For an instant he did not take in the meaning of her words. Then his face became very white, though he tried to smile. His voice shook as he said: "I do not think that this is a good time for joking." The boat was biting her way into the wind sharply, plunging and bucketing through the partly spent waves which came in from outside.

"You know that I am not joking," Ulrica answered very quietly. "I am going to drown you, and to drown myself too. I have thought it all out, and this seems the best thing to do. It is the best for father," her voice trembled, "and it is the best," she went on again, firmly, "for me. As for you, it does not matter whether it is the best for you or not—it is what you deserve. For you are a liar and a traitor—a liar and a traitor to me, and to that other woman too!" As she spoke these last words her calmness left her, and there was the ring of passionate anger in her tone. The fire that she had been smothering, at last was in full blaze.

They were at the very mouth of the inlet. The white-capped surface of the lake swelled and tossed before them. The boat was wallowing heavily. Maltham's paleness changed to a greenish-grey. He uttered a shrill scream—a cry of weakly helpless terror. "Put about! For God's sake put about!" he gasped. "We shall be drowned!"

For answer, she hauled the sheet a little and brought the boat still closer into the wind—heading straight out into the lake. "I told you once that the Nixie could sail into the wind's eye," she said, coolly. "Now she is doing it. Does she not go well?"

At that, being desperate, he rallied a little. Springing to his feet, but standing unsteadily, he grasped the tiller and tried to shift the helm. Ulrica, standing firmly, laid her hand flat against his breast and thrust him away savagely—with such force that he reeled backward and fell, striking against the combing and barely missing going over the side.

"You fool!" she exclaimed. "Do you not see that it is too late?" She did not trouble herself to look at him. Her gaze was fixed in a keen ecstasy on the great oncoming waves.

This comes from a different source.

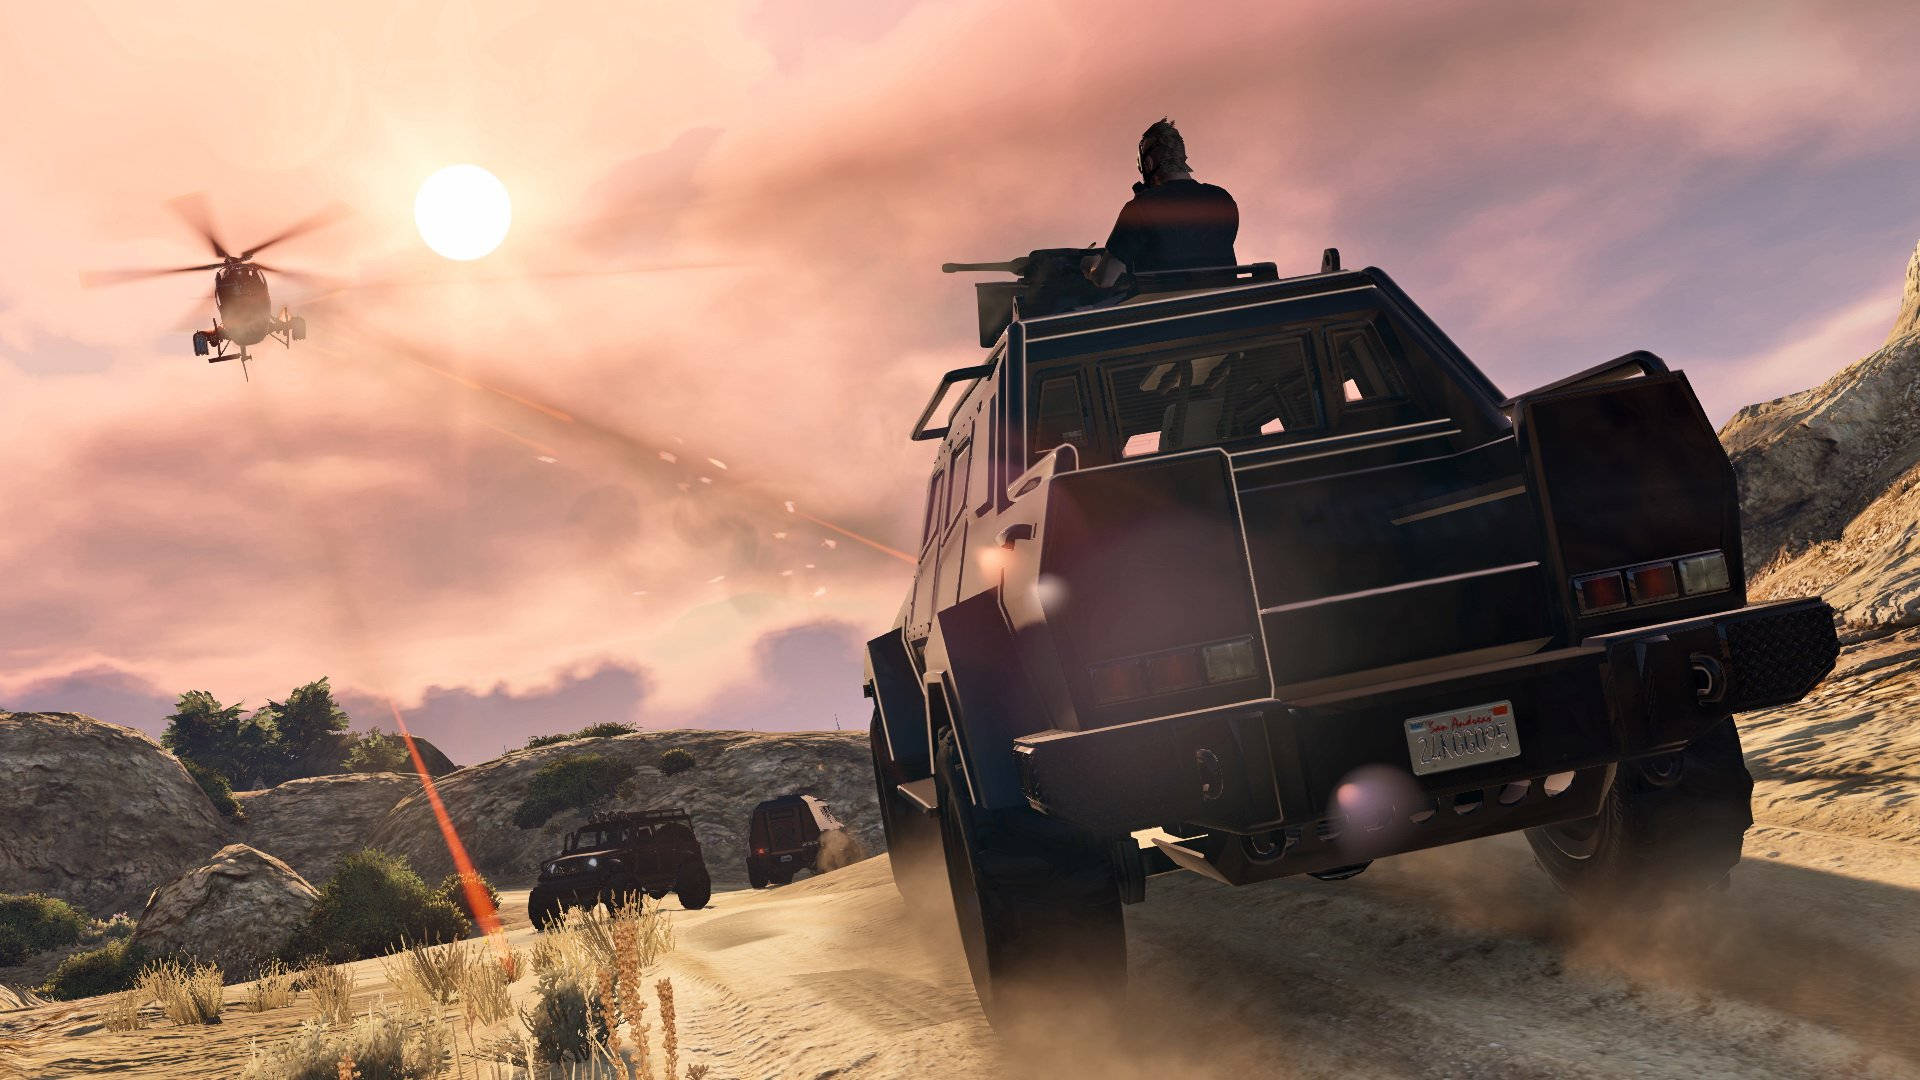 Grand Theft Auto V Suv Vs. Helicopter

What she said was true—it was too late. They were fairly out on the open lake, and all possibility of return was gone. To try to go about would be to throw the Nixie into the trough of the sea—and so send her rolling over like a log. At the best, the little boat could live in that surge and welter for only a very few minutes more.

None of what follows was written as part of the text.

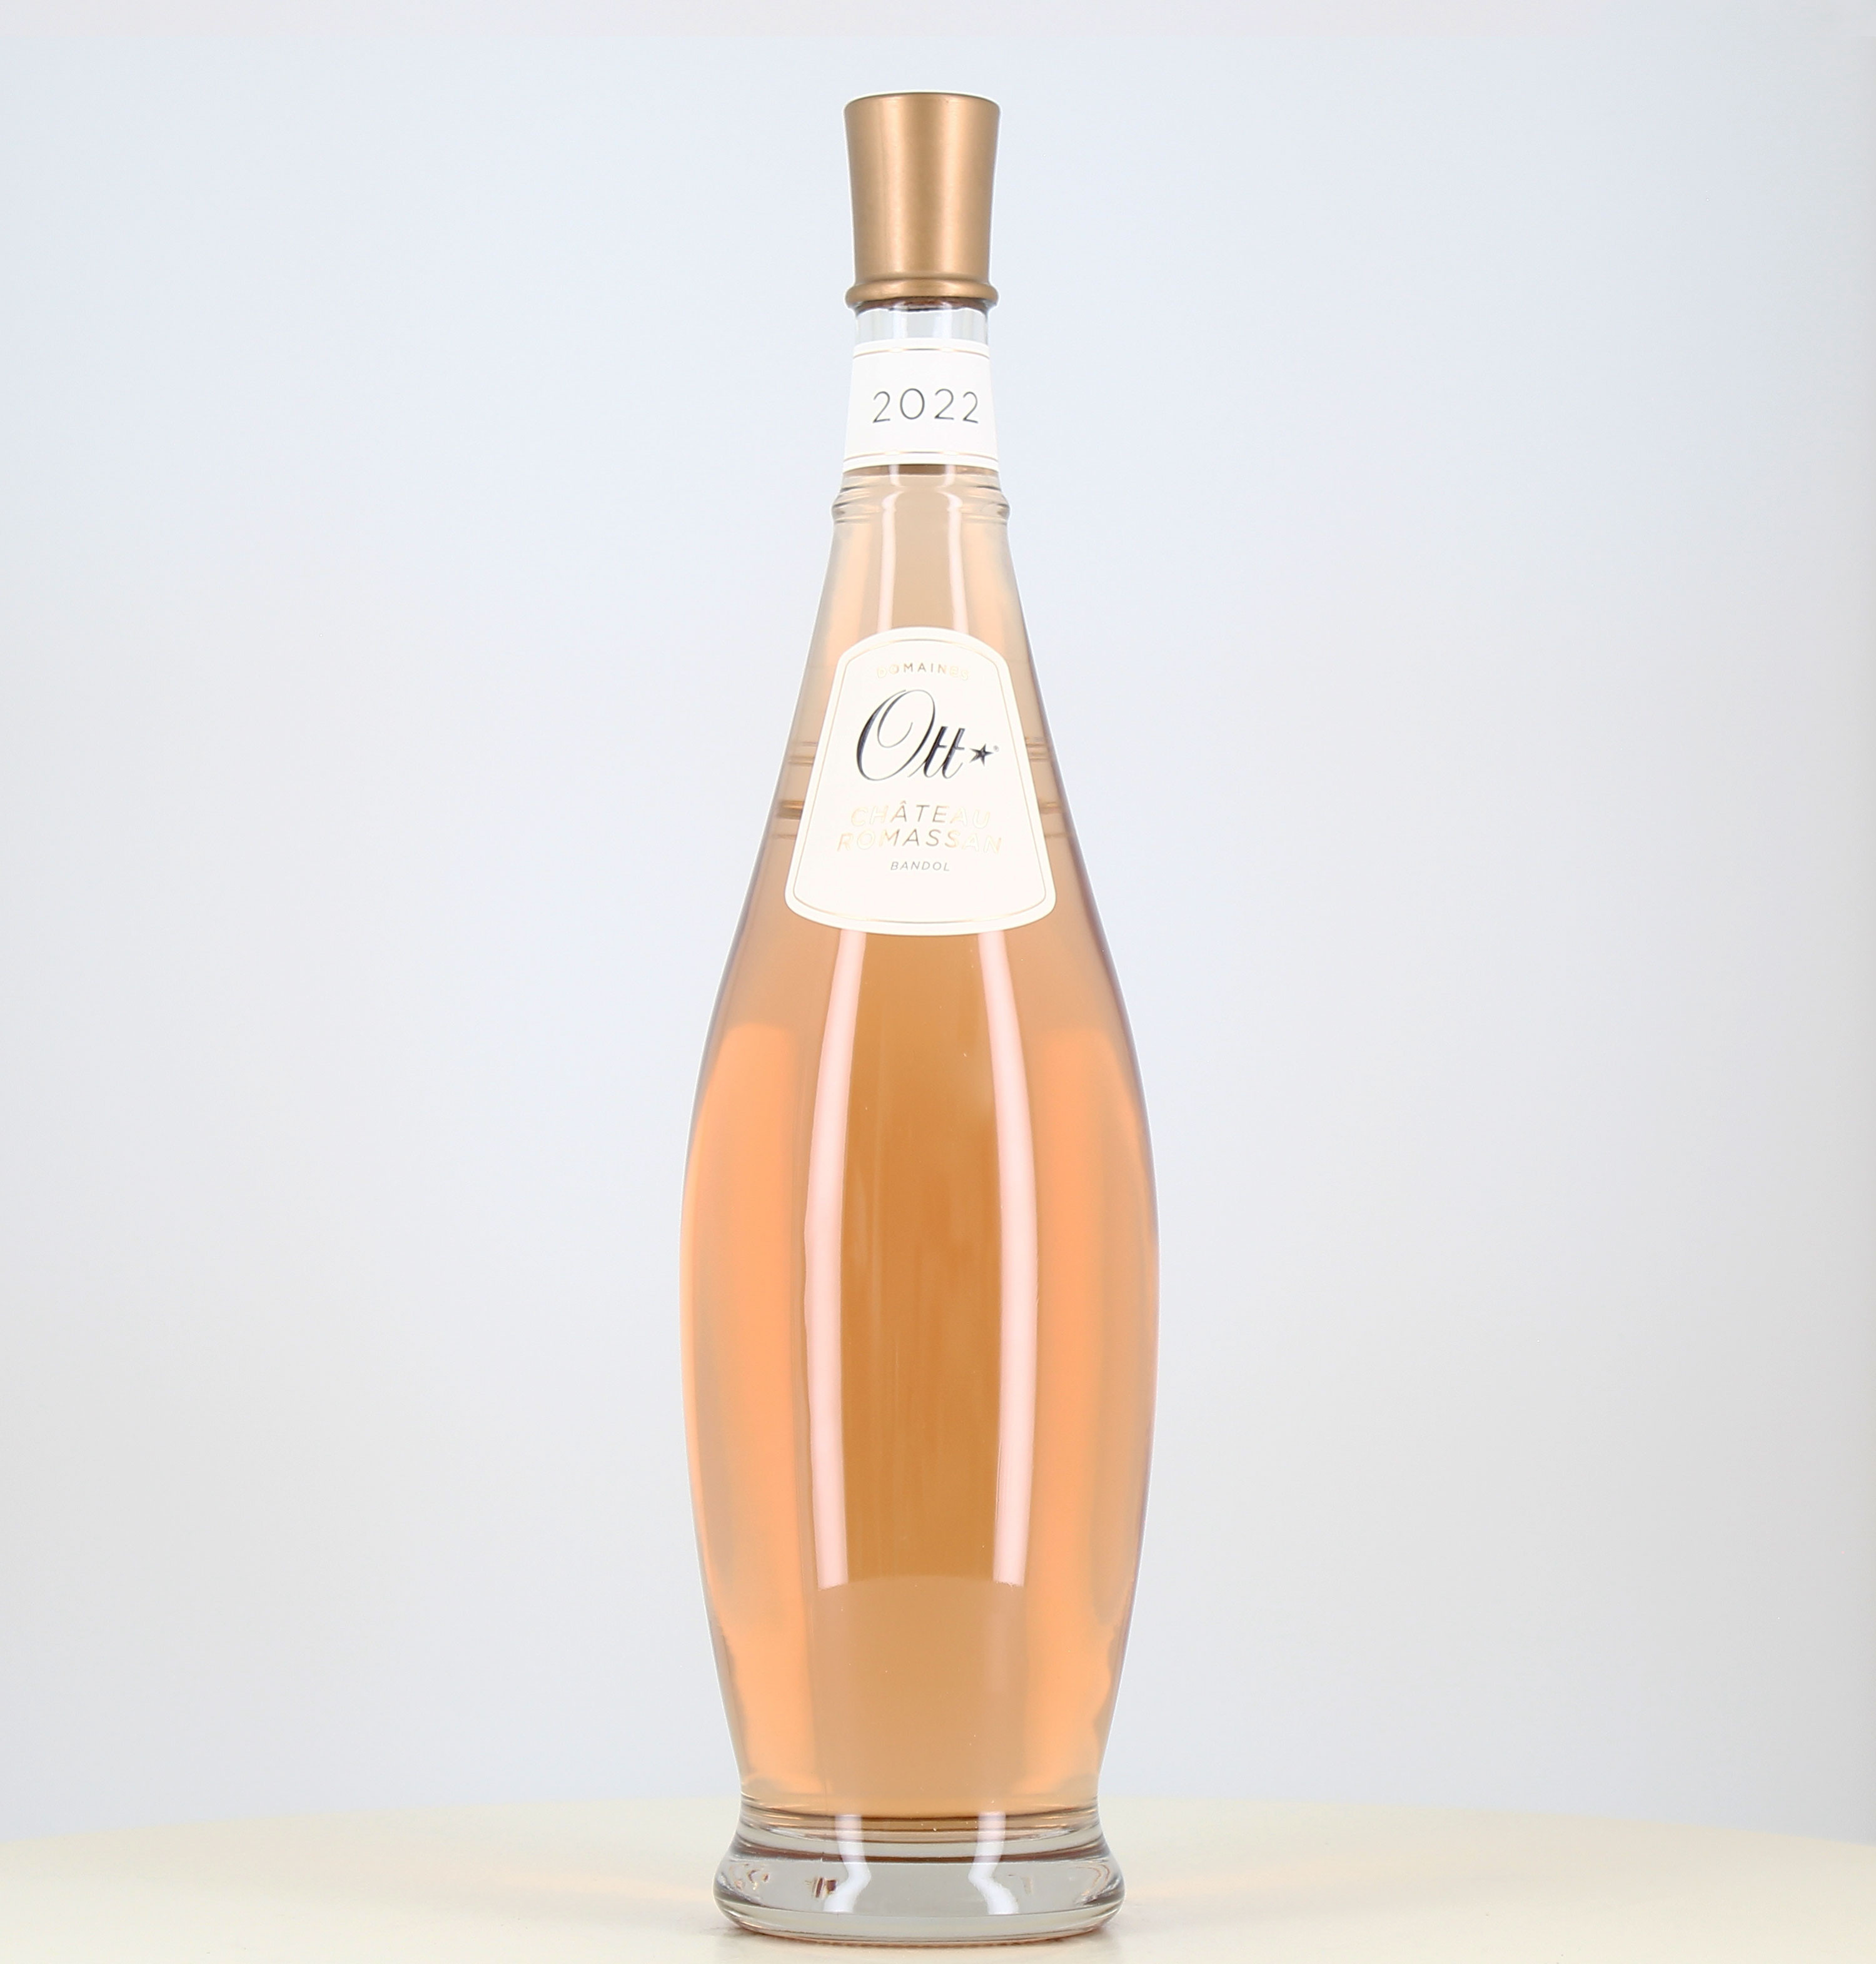 Jéroboam vin rosé Ott bandol Château Romassan 2022

Maltham did not attempt to rise. His fall had hurt him, and what little was left of his spirit was cowed. He lay in a miserable heap, uttering little whimpering moans. The complaining noise that he made annoyed her. For the last time she looked at him, burning him for an instant with her glowing eyes. "Silence, you coward!" she cried, fiercely—and at her strong command he was still. Then her look was fixed on the great oncoming waves again, and she cast him out from her mind.

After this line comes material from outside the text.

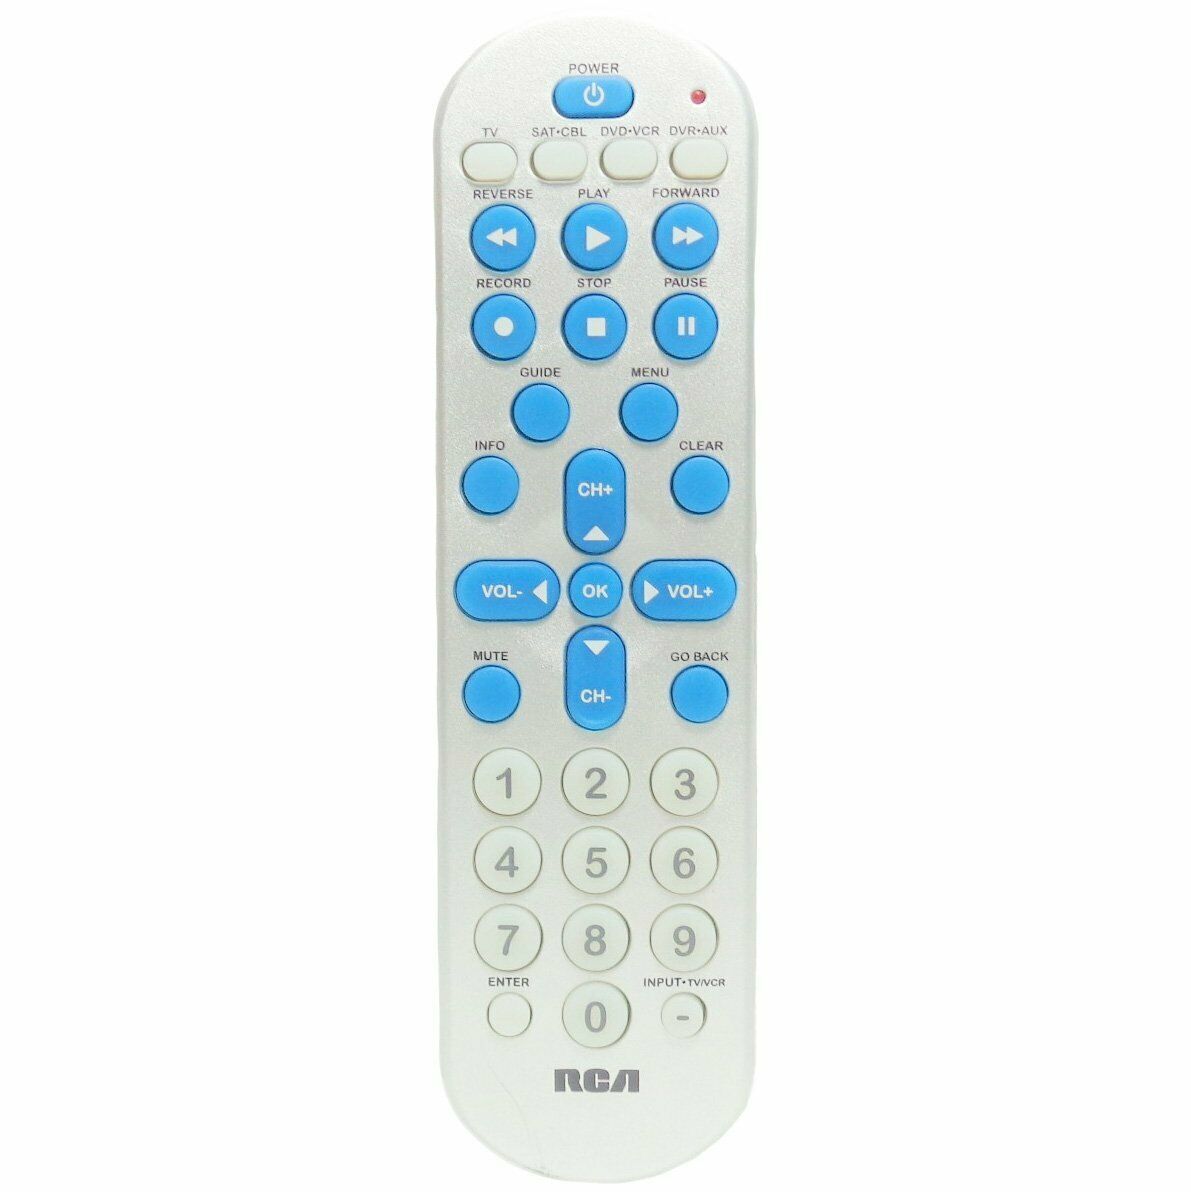 Primary image for RCA RCR4358 Big Button 4 Device Universal Remote - TV, SAT/CBL, DVD/VCR, DVR/AUX

Even in her rage—partly because of it—Ulrica felt in every drop of her Norse blood the glow and the thrill of this glorious battle with great waters. The sheer delight of it was worth dying for—and so richly worth living through to the very last tingling instant that she steered with a strong and a steady hand. And again—as she stood firmly on the tossing boat, her draperies blown close about her, her loosened hair streaming out in golden splendour—she was Aslauga's very self. Sorrow and life together were ending well for her—in high emotion that filled and satisfied her soul. Magnificent, commanding, defiant, she sailed on in joyful triumph: glad and eager to give herself strongly to the strong death-clasp of the waves.